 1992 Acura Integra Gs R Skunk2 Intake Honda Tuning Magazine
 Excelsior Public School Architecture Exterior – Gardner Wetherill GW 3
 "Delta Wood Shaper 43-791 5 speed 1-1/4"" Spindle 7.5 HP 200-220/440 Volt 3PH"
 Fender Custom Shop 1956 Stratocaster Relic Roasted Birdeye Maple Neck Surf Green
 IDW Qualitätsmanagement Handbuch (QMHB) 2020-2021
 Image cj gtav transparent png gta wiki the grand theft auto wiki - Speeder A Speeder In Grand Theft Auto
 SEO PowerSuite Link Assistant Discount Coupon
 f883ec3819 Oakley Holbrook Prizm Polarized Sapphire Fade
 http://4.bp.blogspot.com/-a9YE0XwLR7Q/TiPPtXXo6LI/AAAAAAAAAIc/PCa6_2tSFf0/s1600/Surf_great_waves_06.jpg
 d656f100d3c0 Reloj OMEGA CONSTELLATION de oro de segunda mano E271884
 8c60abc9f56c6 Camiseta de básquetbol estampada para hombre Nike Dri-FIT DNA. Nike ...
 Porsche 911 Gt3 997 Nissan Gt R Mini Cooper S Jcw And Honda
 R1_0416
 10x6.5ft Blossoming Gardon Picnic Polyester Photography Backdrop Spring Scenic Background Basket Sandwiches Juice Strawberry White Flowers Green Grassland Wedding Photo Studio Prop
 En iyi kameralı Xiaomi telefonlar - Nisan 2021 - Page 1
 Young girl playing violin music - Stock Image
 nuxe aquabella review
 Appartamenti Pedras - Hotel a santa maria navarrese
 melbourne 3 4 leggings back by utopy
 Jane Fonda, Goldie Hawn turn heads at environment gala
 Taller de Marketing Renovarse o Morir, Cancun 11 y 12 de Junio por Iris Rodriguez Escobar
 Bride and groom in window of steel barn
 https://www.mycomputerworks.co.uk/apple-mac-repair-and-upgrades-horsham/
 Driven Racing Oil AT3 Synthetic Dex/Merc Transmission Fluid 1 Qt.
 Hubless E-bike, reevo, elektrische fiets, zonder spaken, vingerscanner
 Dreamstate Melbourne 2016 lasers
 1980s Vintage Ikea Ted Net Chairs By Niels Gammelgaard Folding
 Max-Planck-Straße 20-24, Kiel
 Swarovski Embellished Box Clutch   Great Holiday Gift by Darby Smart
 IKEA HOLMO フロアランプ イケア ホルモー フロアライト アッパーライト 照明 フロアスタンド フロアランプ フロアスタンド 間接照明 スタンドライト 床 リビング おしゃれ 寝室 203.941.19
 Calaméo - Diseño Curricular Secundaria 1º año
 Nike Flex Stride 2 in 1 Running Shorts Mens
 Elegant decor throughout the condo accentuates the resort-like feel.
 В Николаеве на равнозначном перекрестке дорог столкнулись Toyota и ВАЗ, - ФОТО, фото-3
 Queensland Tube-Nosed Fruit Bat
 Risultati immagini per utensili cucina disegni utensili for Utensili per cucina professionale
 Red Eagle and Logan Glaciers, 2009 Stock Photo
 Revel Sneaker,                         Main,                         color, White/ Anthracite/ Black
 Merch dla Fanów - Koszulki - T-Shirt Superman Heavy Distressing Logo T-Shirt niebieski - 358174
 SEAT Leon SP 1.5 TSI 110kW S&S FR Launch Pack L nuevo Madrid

__TASK BRIEF__. Reproduce the entries exactly. Every word has to stay the same.

__RESPONSE BOX__.
 1992 Acura Integra Gs R Skunk2 Intake Honda Tuning Magazine
 Excelsior Public School Architecture Exterior – Gardner Wetherill GW 3
 "Delta Wood Shaper 43-791 5 speed 1-1/4"" Spindle 7.5 HP 200-220/440 Volt 3PH"
 Fender Custom Shop 1956 Stratocaster Relic Roasted Birdeye Maple Neck Surf Green
 IDW Qualitätsmanagement Handbuch (QMHB) 2020-2021
 Image cj gtav transparent png gta wiki the grand theft auto wiki - Speeder A Speeder In Grand Theft Auto
 SEO PowerSuite Link Assistant Discount Coupon
 f883ec3819 Oakley Holbrook Prizm Polarized Sapphire Fade
 http://4.bp.blogspot.com/-a9YE0XwLR7Q/TiPPtXXo6LI/AAAAAAAAAIc/PCa6_2tSFf0/s1600/Surf_great_waves_06.jpg
 d656f100d3c0 Reloj OMEGA CONSTELLATION de oro de segunda mano E271884
 8c60abc9f56c6 Camiseta de básquetbol estampada para hombre Nike Dri-FIT DNA. Nike ...
 Porsche 911 Gt3 997 Nissan Gt R Mini Cooper S Jcw And Honda
 R1_0416
 10x6.5ft Blossoming Gardon Picnic Polyester Photography Backdrop Spring Scenic Background Basket Sandwiches Juice Strawberry White Flowers Green Grassland Wedding Photo Studio Prop
 En iyi kameralı Xiaomi telefonlar - Nisan 2021 - Page 1
 Young girl playing violin music - Stock Image
 nuxe aquabella review
 Appartamenti Pedras - Hotel a santa maria navarrese
 melbourne 3 4 leggings back by utopy
 Jane Fonda, Goldie Hawn turn heads at environment gala
 Taller de Marketing Renovarse o Morir, Cancun 11 y 12 de Junio por Iris Rodriguez Escobar
 Bride and groom in window of steel barn
 https://www.mycomputerworks.co.uk/apple-mac-repair-and-upgrades-horsham/
 Driven Racing Oil AT3 Synthetic Dex/Merc Transmission Fluid 1 Qt.
 Hubless E-bike, reevo, elektrische fiets, zonder spaken, vingerscanner
 Dreamstate Melbourne 2016 lasers
 1980s Vintage Ikea Ted Net Chairs By Niels Gammelgaard Folding
 Max-Planck-Straße 20-24, Kiel
 Swarovski Embellished Box Clutch   Great Holiday Gift by Darby Smart
 IKEA HOLMO フロアランプ イケア ホルモー フロアライト アッパーライト 照明 フロアスタンド フロアランプ フロアスタンド 間接照明 スタンドライト 床 リビング おしゃれ 寝室 203.941.19
 Calaméo - Diseño Curricular Secundaria 1º año
 Nike Flex Stride 2 in 1 Running Shorts Mens
 Elegant decor throughout the condo accentuates the resort-like feel.
 В Николаеве на равнозначном перекрестке дорог столкнулись Toyota и ВАЗ, - ФОТО, фото-3
 Queensland Tube-Nosed Fruit Bat
 Risultati immagini per utensili cucina disegni utensili for Utensili per cucina professionale
 Red Eagle and Logan Glaciers, 2009 Stock Photo
 Revel Sneaker,                         Main,                         color, White/ Anthracite/ Black
 Merch dla Fanów - Koszulki - T-Shirt Superman Heavy Distressing Logo T-Shirt niebieski - 358174
 SEAT Leon SP 1.5 TSI 110kW S&S FR Launch Pack L nuevo Madrid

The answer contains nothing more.